Update: thank you all for answering. I suppose I always thought that things like ./ and ../ were mere conventions that could be handled by searching and replacing. I find it a bit surprising, though probably more efficient and transparent, to have them be part of the file system itself.
One question remains, though: since . and .. are arbitrary names for these links, are there file systems that use different ones?
. and .. are actually hard links in filesystems. They are needed so that you can specify relative paths, based on some reference path (consider "../sibling/file.txt"). Since these hard links are actually existing in the filesystem, it makes sense for readdir to tell you about them. (actually the term hard link just means some name that is indistinguishable from the actual directory referred to: they both point to the same inode in the filesystem).
Best way is to just strcmp and ignore them, if you don't want to list them.
Originally they were hard links, and the number of special cases in the filesystem code for . and .. were minimal. That's not true for all modern filesystems, however.
But the conventions have been established so that even filesystems where these two directory entries don't actually exist still report their existence through APIs like readdir. Changing this would now would break a lot of code.
I have the suspicion that these are
just normal links in the file system
and therefore indistinguishable from
actual files
They are. While you may perceive the file system as a hierarchy of "folders" "containing" folders, it is actually a doubly linked tree1, with directories being nodes and files being leafs. So, . and .. are needed links for accessing the leaves of the current node and for traversing the tree, and they are the same thing as all the other links.

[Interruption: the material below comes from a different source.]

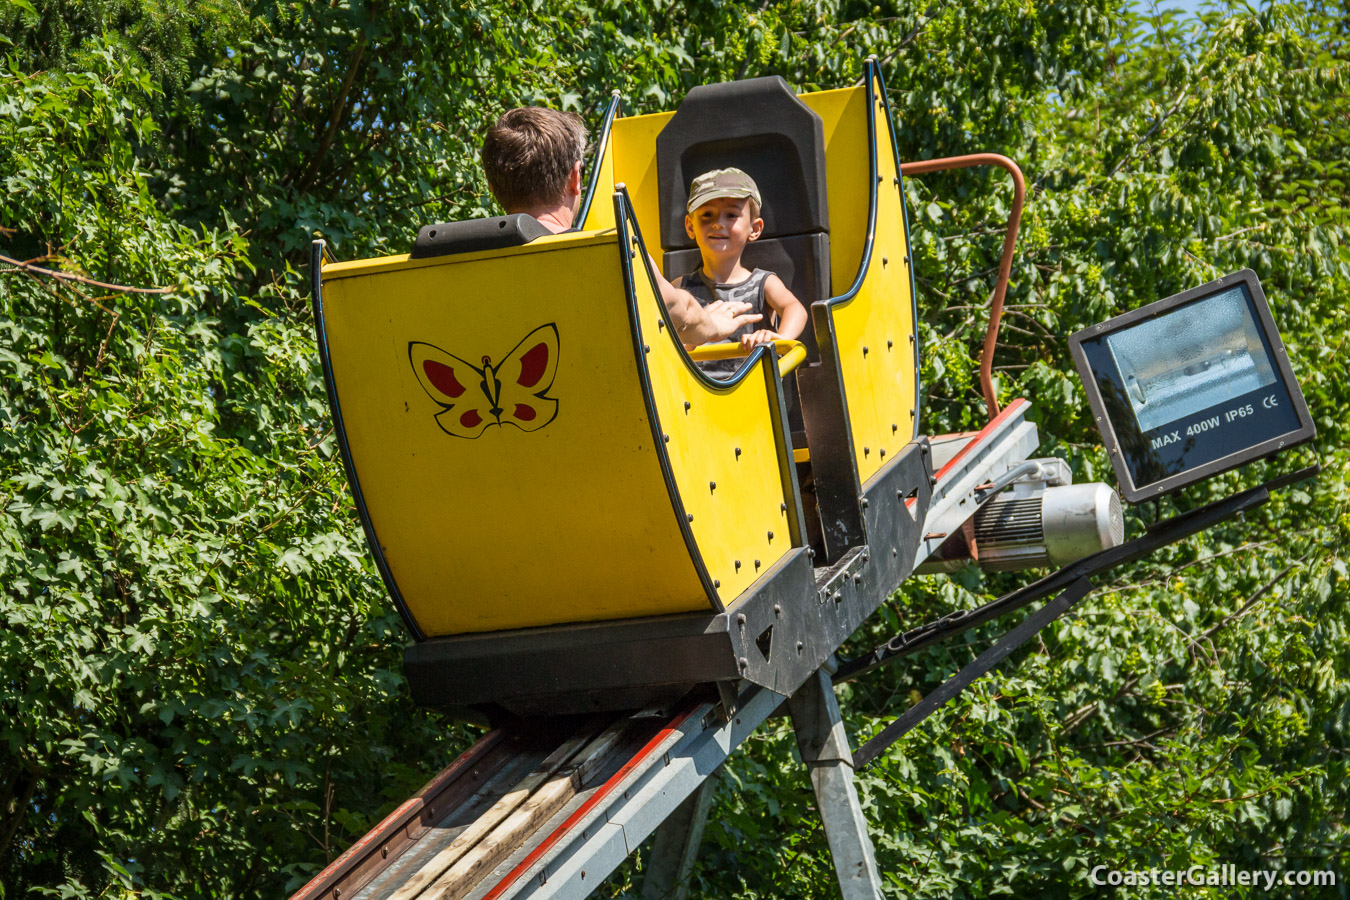 Butterfly roller coaster built by Sunkid Heege GmbH

When you call readdir, you get all the places you can directly go to from the current node. If you do not want to list places that you perceive as "up", you have to sort them out yourself. You should write a little function for that, perhaps called readdir_down. I do not know in which order readdir lists the directories, but perhaps you can just throw away the first two entries.

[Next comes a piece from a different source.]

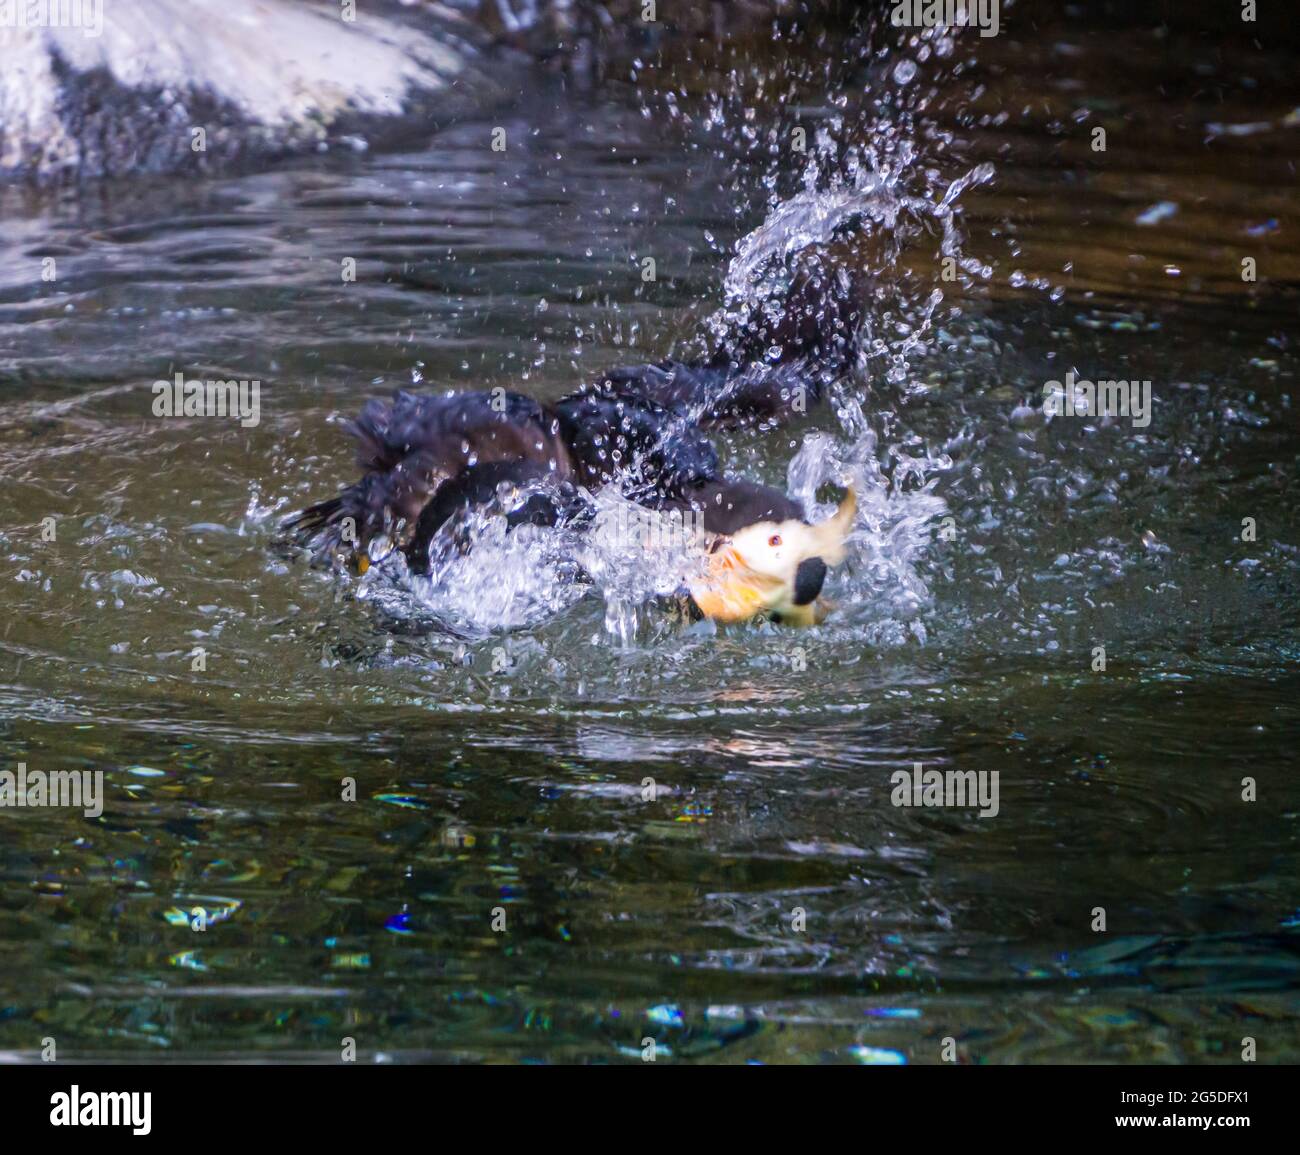 A Puffin bird splashed in a pool. Stock Photo

1) this is a first approximation, there are also "hard links" possible that make the tree actually a net.
One reason is that without them there is no way to get to the parent directory. Or get a handle to the current directory.
Without them, we cannot do such things as:
./run_this
Indeed, we couldn't add '.' to the $PATH, meaning we couldn't ever execute files that weren't already in the path.
These are normal directories, they are "hard links" to the current directory and directory above. They are present in all directories (even at the root level, where .. is exactly the same as .).
When using ls, you can filter out . and .. with ls -A (note the capital -A).
When applying a command to all dot-files, but not . or .., I often use .??* which matches only dot-file with a name of three characters or more.
touch .??*
Note this pattern also excludes any other file that begins with dot and is only two characters long (e.g. .x) but those files are uncommon.
When using programmatic file-listers like readdir() I do have to exclude . and .. manually. Since these two files are supposed to be first in the list returned by readdir() you can do this:
#files = readdir(DIR);
for (1..2) { shift #files; } # get rid of . and ..
# go on with your business
They are reported because they are stored in the directory listing. That's the way unices have always worked.
Because on Unix-like operating systems, the directory-listing commands include those, and you use them to move up and down in the filesystem hierarchy.
Something like grep { not /^.{1,2}\z/ } readdir HANDLE should work for you.
there is no good reason a directory scan should return these filenames.